The Bartender's Tale

Ivan Doig

Riverhead Books 

Somewhere in the back of our minds lurked the disturbing knowledge that when school started in the fall, I would have to turn into a boy among other boys again and she would have to find a best friend among girls. But that fact of life lay whole months away yet, and in the meantime, all we had to live up to was for each of us to do half the laughing.

                      from  The Bartender’s Tale

 

The reasoned, seasoned memories of a boy fifty years later


Soon before daybreak on my sixth birthday, my mother’s breathing wheezed more raggedly than ever, then quieted. And then stopped.

The remembering begins out of that new silence…

One of the most evocative and powerful openings I had ever read began This House of Sky, Ivan Doig’s 1978 memoir of growing up in Montana. I was hooked and eagerly read the books that followed, The Sea Runners, Winter Brothers, Prairie Nocturne, The Whistling Season, Work Song.

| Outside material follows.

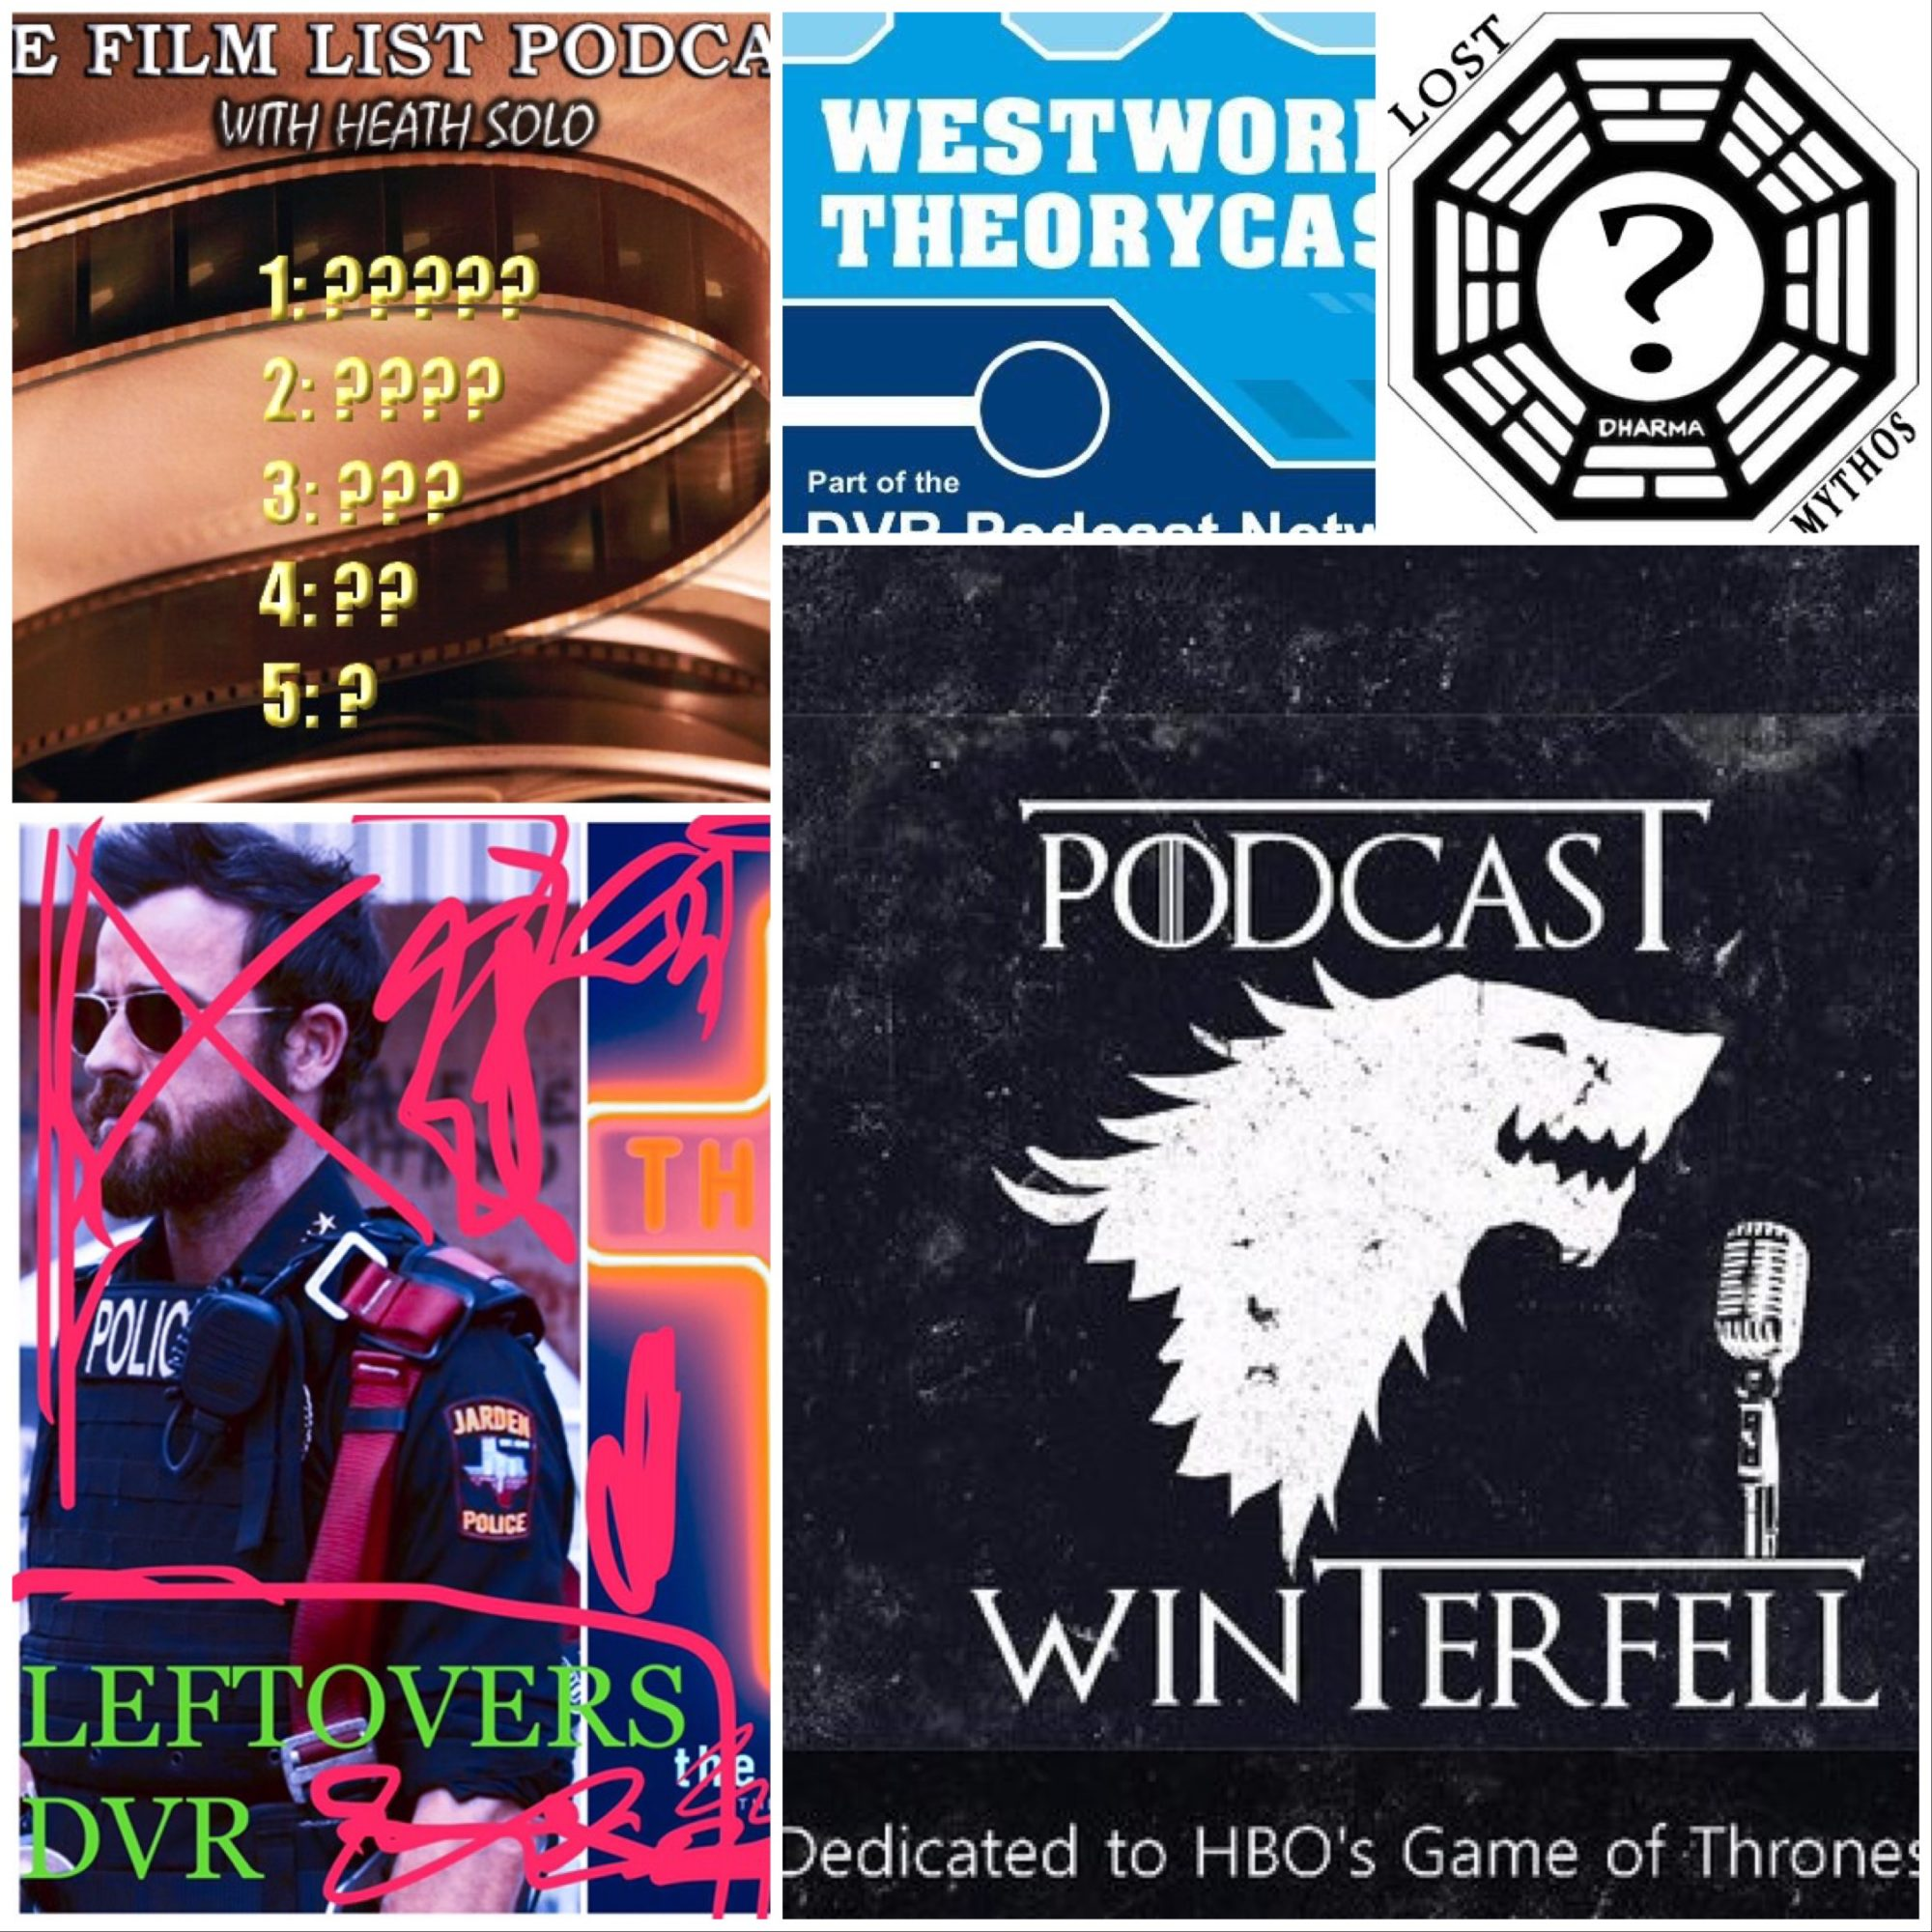 DVR Podcast Network

Like Wallace Stegner, Doig is a storyteller of the modern West and a master stylist, meaning that as important as the story he tells is the way he tells it; his books are full of sentences you want to highlight and underline and remember.

In his most recent novel, The Bartender’s Tale, Doig relates the experiences of Russell (Rusty) Harry when he turned twelve in 1960—“that year of everything”—when his life changed and the world would never be the same again.

The events take place in the small fictional town of Gros Ventre, Montana (“where people knew one another’s business almost before it happened”), the setting of several of Doig’s stories.

Rusty lives with his father, who owns the town’s most popular bar, the Medicine Lodge saloon, and who is some kind of legend in the area with his down to earth, no-nonsense philosophy (“All you can count on in life is your fingers and toes.” “Opposites attract, but usually not for long.”)

“Newly hatched from childhood into adolescence,” Rusty begins to explore the strange goings-on and baffling world of adults. To accompany him on his explorations is a girl new in town, Zoe Constantine. Overcoming the typical 12-year old boy’s suspicion of girls, he and Zoe quickly become best friends and co-conspirators in growing up.

Rather than the story of some dramatic, life changing event, the novel instead recounts the daily little discoveries and mini-dramas that together add up to what Rusty realizes was a turning point in his life: The prospect of his dad re-marrying, or as he called it “maddermoany,” selling the bar that had become a manageable microcosm of the world, or being confronted with the possibility that he has a half-sister neither he nor his father knew about.

Through the story of that momentous year, Doig captures the freshness of a 12-year old’s explorations and discoveries filtered now through the reasoned, seasoned reflections of the boy fifty years later: “That’s grown-ups for you. By the time we ever figure them out…we’ll be them.”


This review first appeared in The Columbia River Reader (September 15-Oct 14, 2013.) Reprinted with permission.